### YOUR OBJECTIVE
Take the entries that follow and return exactly the lines from the one holding "Home excercise equipment" through the one holding "LEXiBOOK Miraculous Ladybug", both included. Nothing else is needed.

### THE DATA
※ ※ ※
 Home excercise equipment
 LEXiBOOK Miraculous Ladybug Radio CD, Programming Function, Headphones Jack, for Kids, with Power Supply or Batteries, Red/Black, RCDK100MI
※ ※ ※
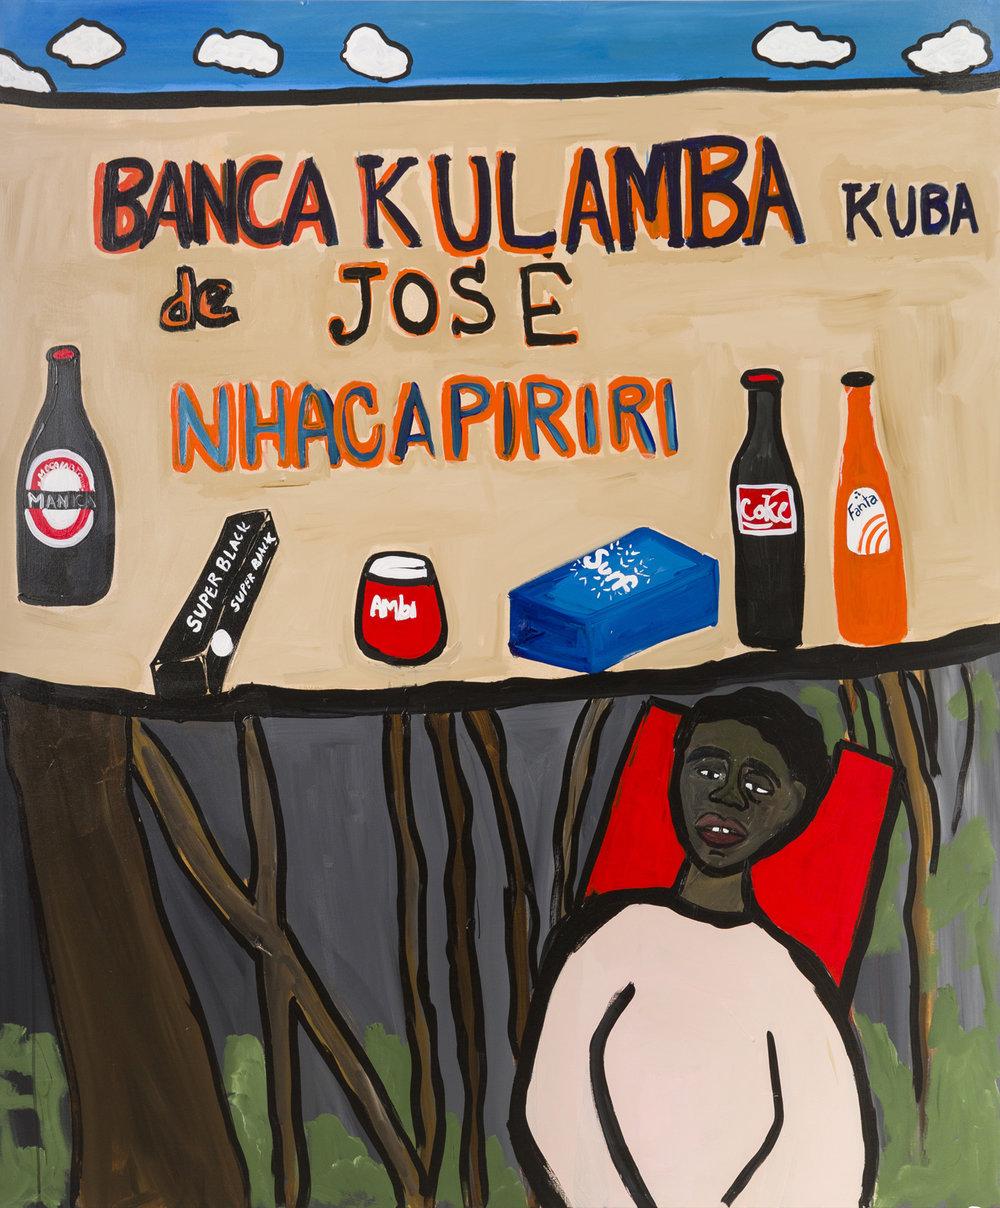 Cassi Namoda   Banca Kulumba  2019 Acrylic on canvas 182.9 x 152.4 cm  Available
※ ※ ※
### ANSWER AREA
 Home excercise equipment
 LEXiBOOK Miraculous Ladybug Radio CD, Programming Function, Headphones Jack, for Kids, with Power Supply or Batteries, Red/Black, RCDK100MI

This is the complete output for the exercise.